Instabilità. Non è la previsione meteo, ma la previsione politica. Sembra evidente che non ci sia accordo sugli ideali, sulle visioni, sulle prospettive. Anche dal punto di vista storico si mescolano i valori della resistenza con quelli del vaffa, quelli del liberismo con quelli del socialismo. E le persone si ostacolano testa a testa, come antagonisti caratteriali. I media non sono super partes, si schierano anch’essi, disordinatamente, e si arrabattano a cercare giustificazioni per spiegare quel che succede ad un pubblico stordito da messaggi confusi. Eppure il nemico è alle porte, pandemia e inquinamento; e dentro le mura abbiamo incompetenza e burocrazia. La gestione del Paese è bloccata dalla mancanza di centinaia di decreti attuativi. I talkshow e i social soffiano sul fuoco, oppure cazzeggiano sugli spettacoli trash. Quanti sono i giornalisti seri? Spero tanti, perché sono loro che proteggono la società democratica raccontando i fatti con trasparenza.
154 – MAXI PROCESSO
Imputati più di 300 (in prigione), testimoni più di 900, avvocati più di 600, aula-bunker grande come un campo da calcio. Le riprese tv sono interdette. Peccato: i media possono aumentare la trasparenza della società democratica. Ma comunque se ne parla relativamente poco. Forse perché Lamezia in Calabria è lontana dai palcoscenici di Roma? Forse perché i delitti di ‘ndrangheta sono meno eclatanti di un omicidio o di un incidente stradale? Così va il mondo, ahinoi. Media e social si rincorrono dietro all’emozione dei divi, al patologico mercato dei voti in Parlamento e trascurano le periferie sociali del crimine, dove disuguaglianze e contraddizioni sono più acute. O c’è sotto qualche altra motivazione per far obliare Gratteri? Chi volesse conoscere nomi, cognomi e soprannomi degli indagati può trovarli anche qui.
155 – AFFARI DI STATO
Un contratto mal redatto potrebbe essere anche non legale.
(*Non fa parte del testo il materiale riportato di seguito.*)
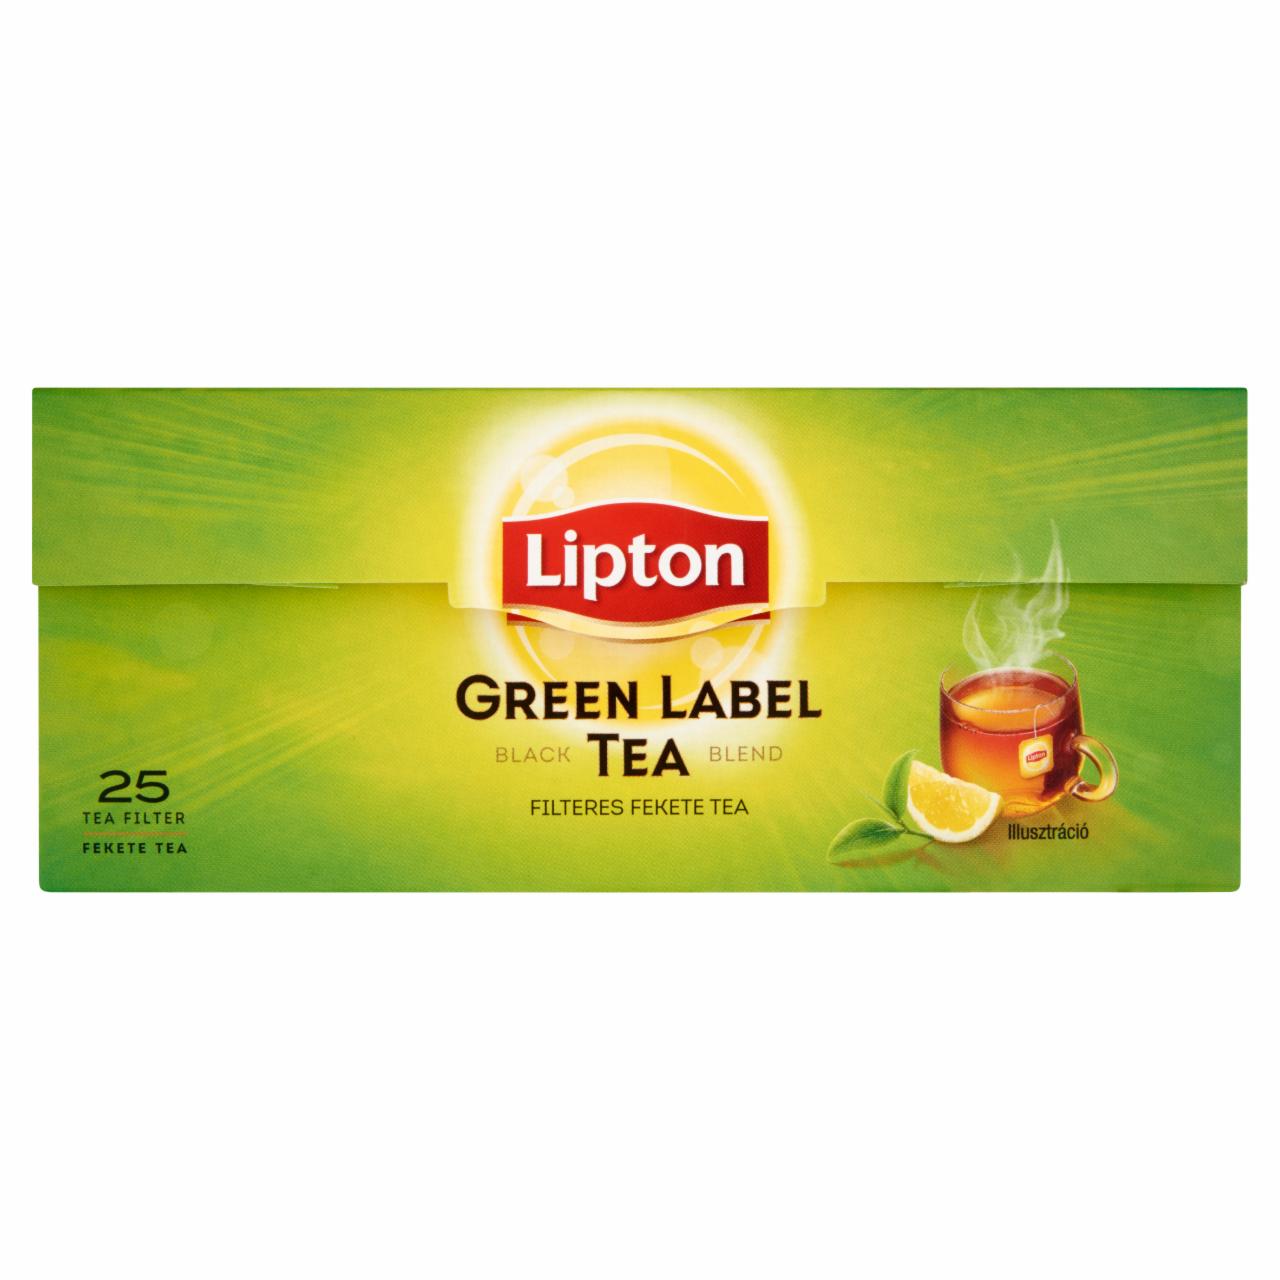 Képek - Green Label fekete tea Lipton

In un mercato privato chi compra e chi vende si tutela. In politica la compravendita di voti sembra affare corrente. In politica la compravendita di medicinali sembra un disastro. A cominciare dai contratti segretati, ai tempi e alle quantità da consegnare, alle dosi previste nei flaconi, ai bugiardini incompleti. Per non parlare dell’organizzazione dei vaccinatori, con poche e confuse regole ed esiti incerti. Potrebbe giovare, approfittando delle vaccinazioni, tracciare sistematicamente la popolazione (non c’è riuscita l’App Immuni!), anche in vista di probabili future ondate epidemiche. Invece si procede a vista e a segmenti, rincorrendo i casi. L’organizzazione digitalizzata dei dati è possibile. Manca una tessera sanitaria nazionale efficiente, eppure un Supermercato qualunque mi ha schedato perfino quante sono le caramelle che compero!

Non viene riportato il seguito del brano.